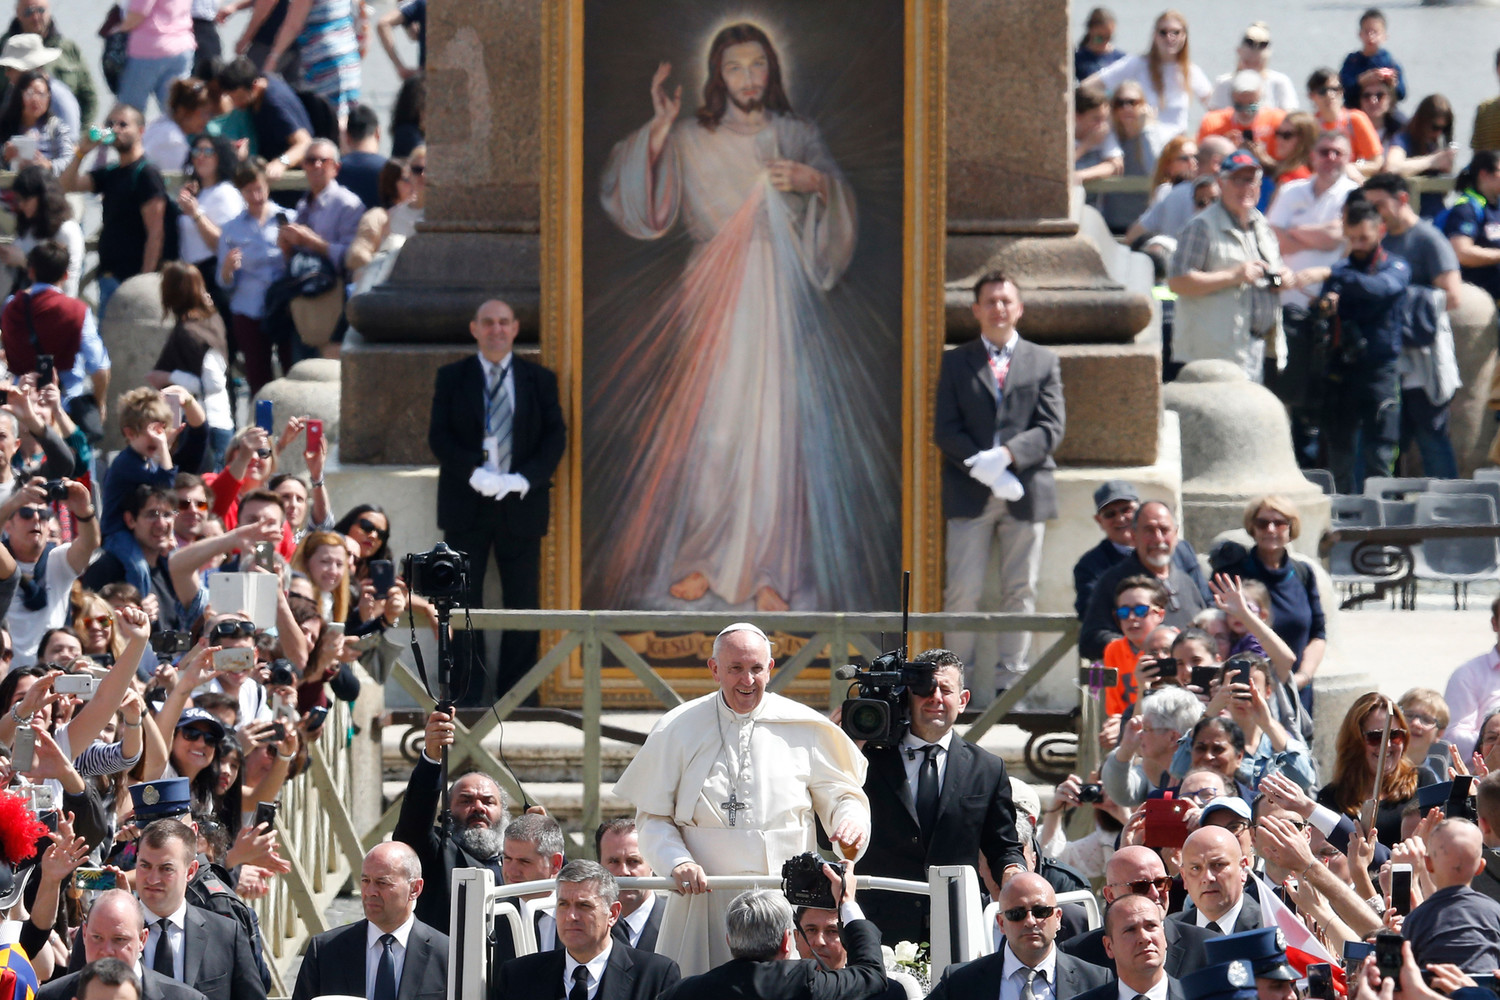 Pope Francis greets the crowd after celebrating Mass marking the feast of Divine Mercy in St. Peter’s Square at the Vatican April 8.
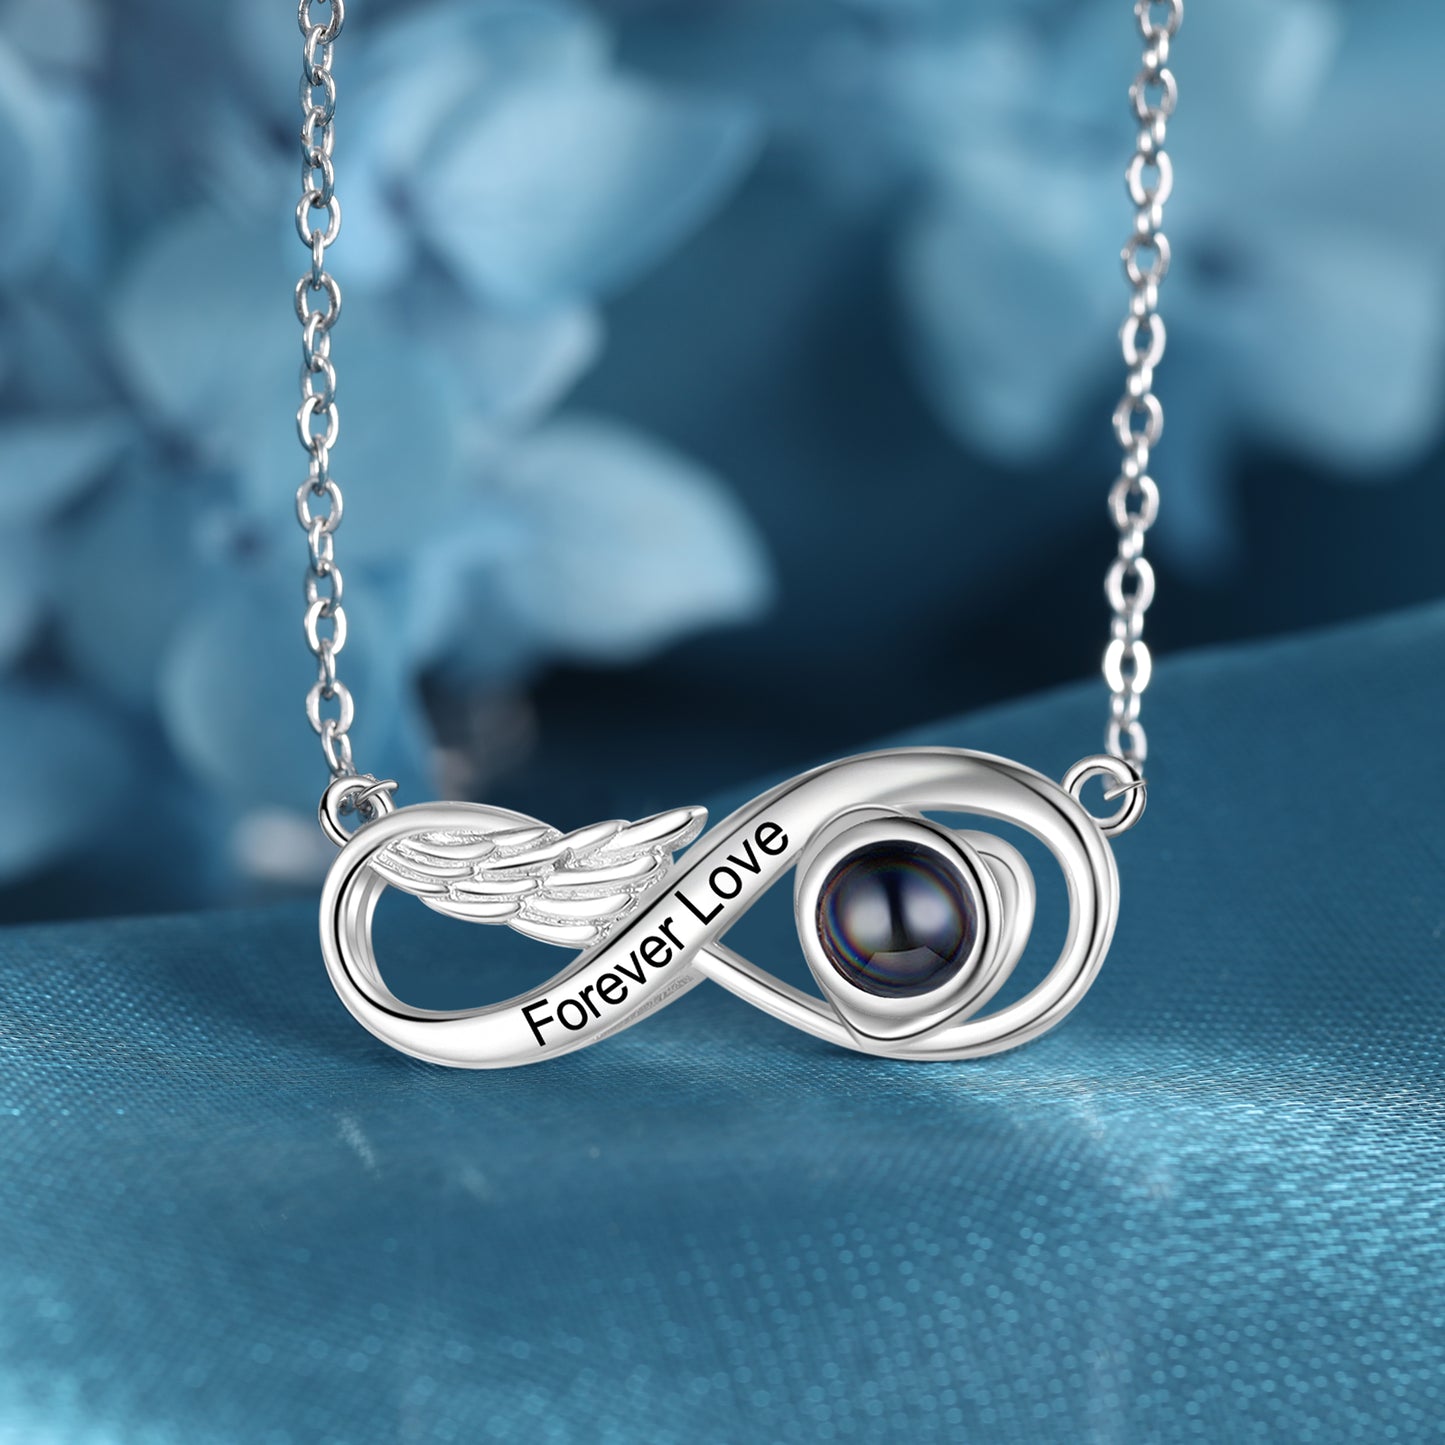 Custom Photo Projection Necklace with Infinity
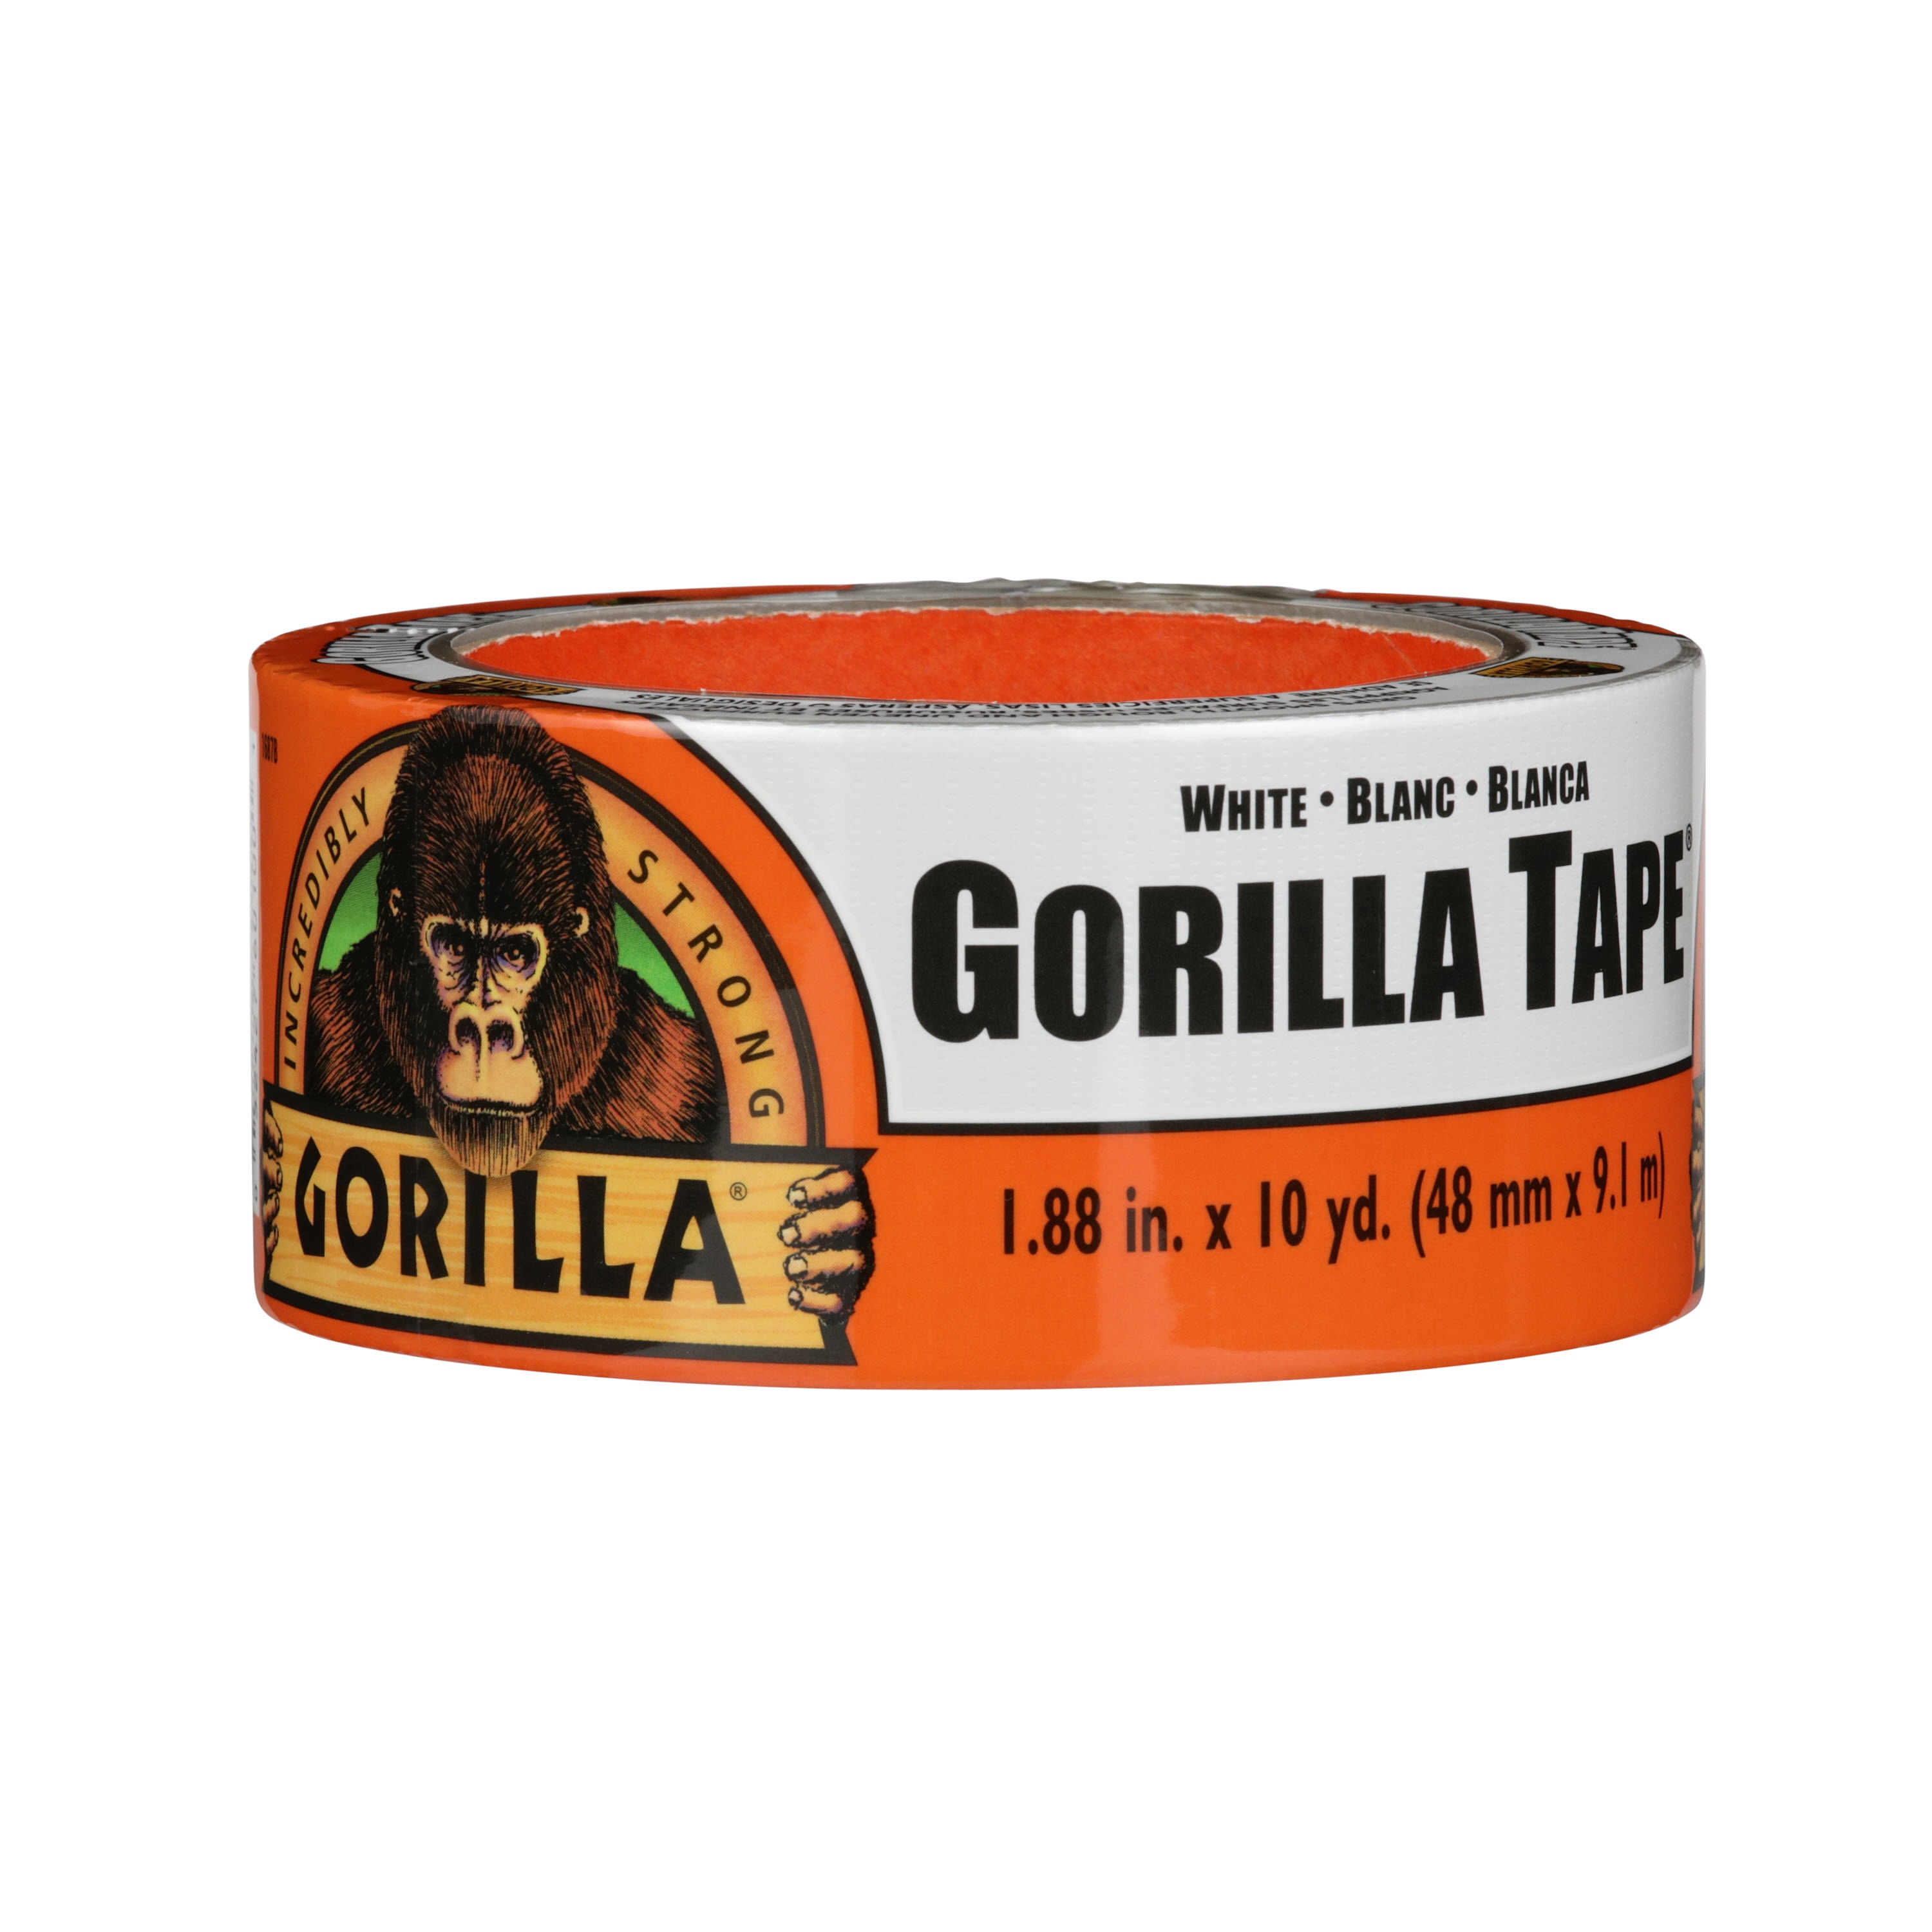 Gorilla Tough and Wide White Duct Tape 2.88-in x 25 Yard(s) in the

---

Print verbatim every line above, apart from the pictures.

*Output for this task:*
 Pope Francis greets the crowd after celebrating Mass marking the feast of Divine Mercy in St. Peter’s Square at the Vatican April 8.
 Custom Photo Projection Necklace with Infinity
 Gorilla Tough and Wide White Duct Tape 2.88-in x 25 Yard(s) in the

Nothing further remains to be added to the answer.